Virtual screening and in vitro studies suggested that Lumacaftor and Simeprevir are also SARS-CoV-2 main protease inhibitors45. Interestingly, several in silico and in vitro studies have identified antiviral agents targeting HCV infection (single-stranded negative-sense RNA virus) as promising treatments for COVID-1946, which include HCV approved inhibitors of the viral RNA synthesis, the 3CL protease and the helicase activity46. Antiviral agents against HCV infections have also been studied for their promising ability to interfere with other viral infections caused by RNA viruses, i.e. SARS-associated coronavirus47, MERS48, Enterovirus A71, Herpes simplex virus type 1 and Zika virus41. This would suggest the possibility to use and/or develop Simeprevir into broad-spectrum antiviral drugs41. Simeprevir and Lumacaftor are also promising for their potential ability to inhibit multiple steps of the SARS-CoV-2 infection by interfering with the S protein binding to the ACE2 receptor and by inhibiting the SARS-CoV-2 main protease, essential for processing the polyproteins that are translated from the viral RNA49. The concept of multi-target drugs that inhibit several proteins simultaneously has been successfully used for the treatment of many diseases. For example, the anti-HIV drug Cosalane was developed to inhibit binding of the HIV gp120 envelope glycoprotein to CD4 and simultaneously to inhibit the cytopathic mechanism of HIV-150.

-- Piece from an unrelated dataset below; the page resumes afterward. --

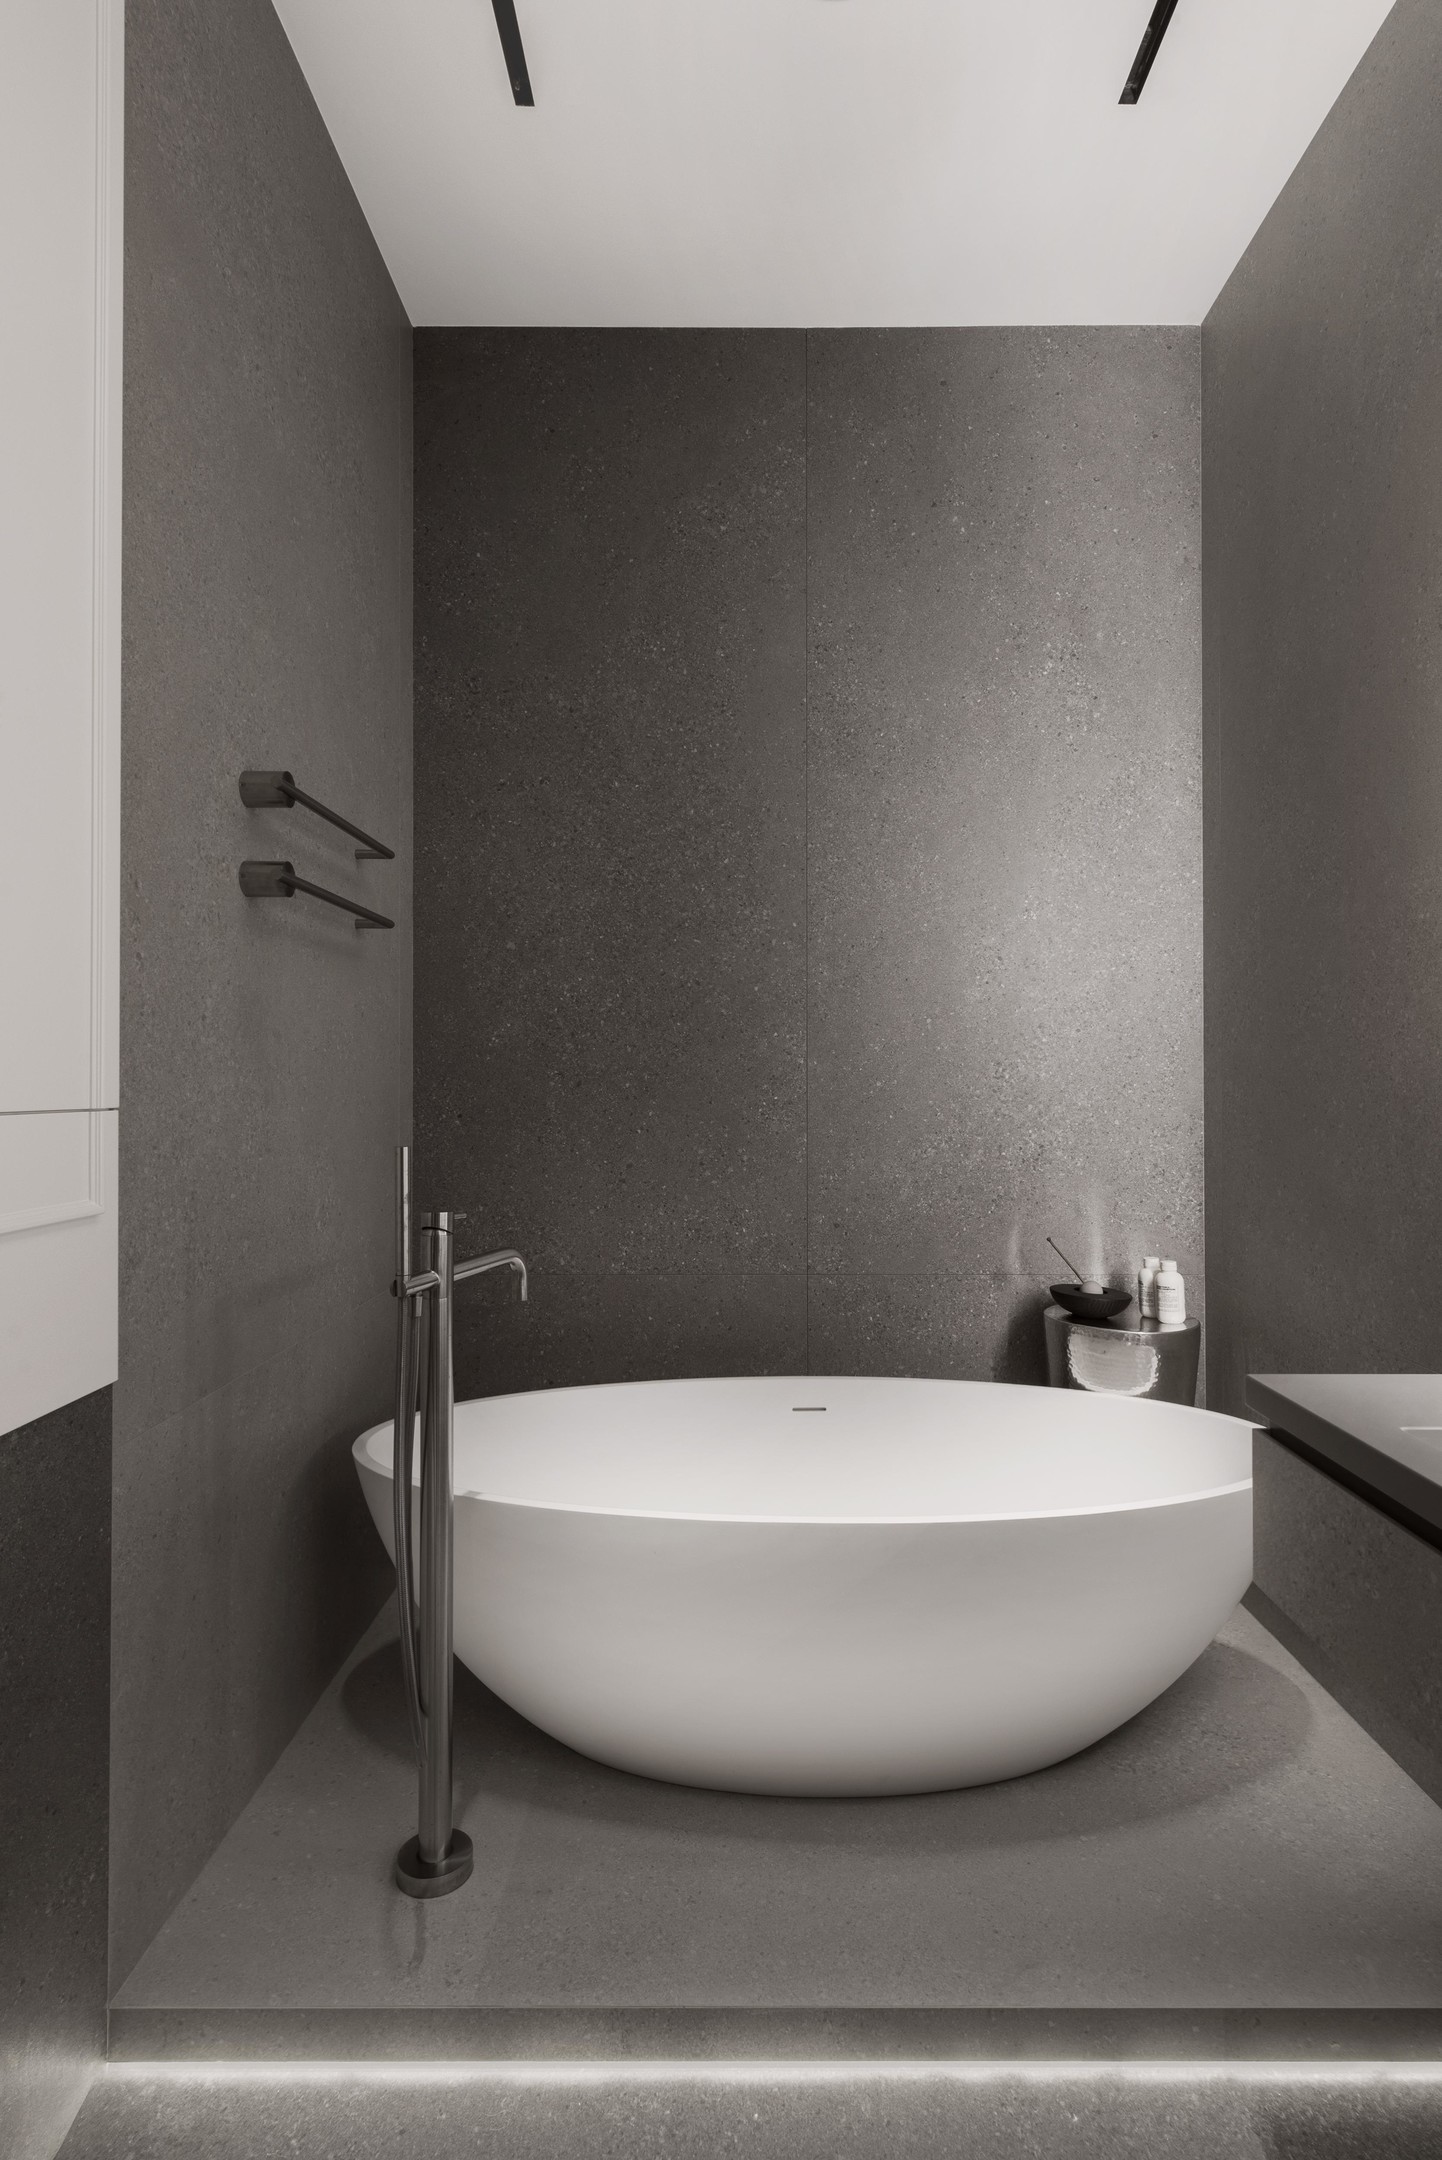 Phòng tắm này có gì? Một chiếc bồn tắm bằng sứ trắng với hình tròn duyên dáng, vòi nước, chiếc bàn phụ nhỏ nhắn và 2 thanh treo khăn tắm gắn tường. Hoàn hảo cho những không gian 'khiêm tốn' về diện tích!

While writing this paper, several drug repurposing studies targeting the S protein have been published. Interestingly, several papers32,34,44,51 carried out virtual screenings on the same surface we identified as a transient pocket. Binding energies of proposed compounds are however lower than the one we observed for Simeprevir and Lumacaftor. This is very likely linked to the protein structures used for virtual screening and/or a binding pocket not being in the optimal open conformation, highlighting the strength of our in silico approach.

Our results show the importance of taking into account the full structural features of a protein–ligand complex and how a combination of MD simulations may help predict the validity of a proposed inhibitor. Our work suggests that Simeprevir and Lumacaftor could be potential initial compounds able to prevent and treat SARS-CoV-2 infection.